Providing Open Architecture High Availability Solutions

Data integrity can be verified using many methods, most of which depend on either redundancy or

summary information included within the data. Some of the methods may use sufficient

redundancy to not only detect an error, but also to correct it. However, most methods contain only

enough additional information to detect that the data is not valid. Examples of typical methods

include parity, checksums, and Cyclic Redundancy Checks (CRCs).

Comparison Testing

When redundant systems are employed it is possible to have two systems make calculations in

parallel. The results are then compared, and a fault is detected if the results do not match. This

concept is also called voting, and is discussed in Section 3.5. Comparisons can be made at any

level of the system, from cycle-by-cycle comparisons on a memory bus to final output being sent

over the network.

Time Testing

Time tests can be the simplest form of error detection. If an event is expected within a certain time

frame and the event does not occur, a fault is detected. This concept can be applied in hardware,

using watchdog timers, and in software, using either hardware timers or software processes.

One specific method of time testing is commonly referred to as heartbeating. This technique,

which can be implemented in both hardware and software, uses some type of message handshaking

that is performed at a predefined periodic frequency. This technique is used to verify that the

appropriate components or subsystems still maintain some level of functionality.

When redundant systems are used, time checks can verify that the systems are operating at the

same rate, which would indicate that no faults are present. If redundant systems are not used,

expected times can be set based on design parameters.

While time testing is useful for fault detection, it does not always give a good indication of where a

fault occurred. For example, if a routine does not return in the expected amount of time, it is not

possible to know if the routine failed or if the processor had unexpected interrupts.

Time testing works well in deterministic systems, but can be problematic in systems where the

times of events may not be completely deterministic. In this case, the non-deterministic

performance of a system may cause time testing to sense faults that don’t really exist. On the other

hand, time testing can catch non-determinism in a system that was assumed to be deterministic.
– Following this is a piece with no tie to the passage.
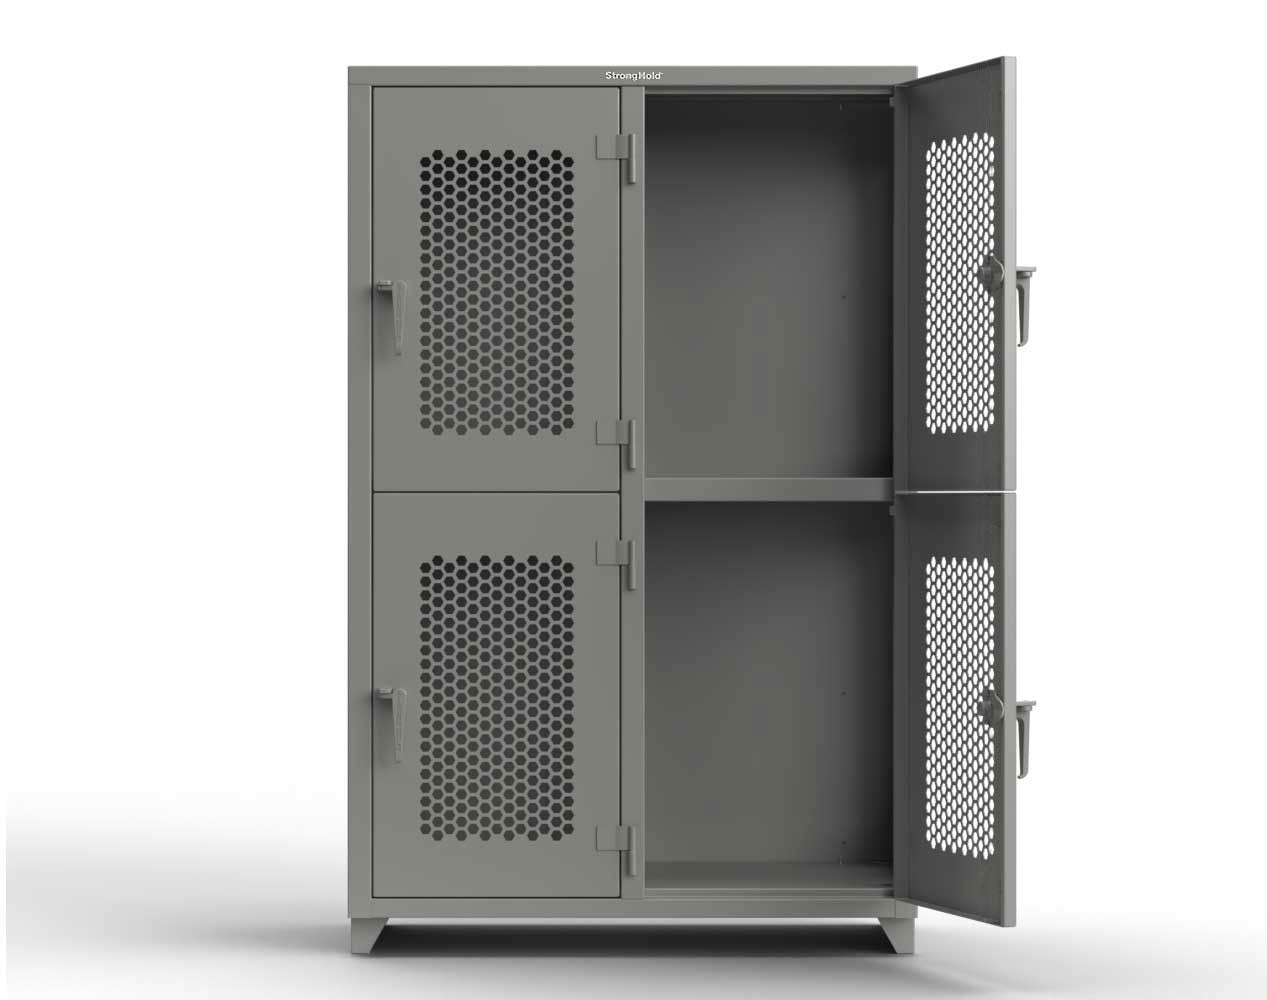 Extra Heavy Duty 14 GA Double-Tier Ventilated Locker, 4 Compartments - 48 in. W x 24 in. D x 75 in. H

User and Other Observable Detection

There are some cases where the end user of the system will detect a problem that has not been

detected by the systems management functions. It must be possible for diagnostics and other tests

to be started by external command in order to resolve these issues. Ideally, as experience with

faults detected in this manner grows, the automatic fault detection of the system can be expanded to

find these problems.

Fail with Notification

This is also known as ‘don’t fail silently’. It is critical in HA systems that any fault, no matter how

small or how infrequent, is logged or recorded in some way. This allows prediction of future

failures and assures that if the system model indicates that all is well, all is indeed well.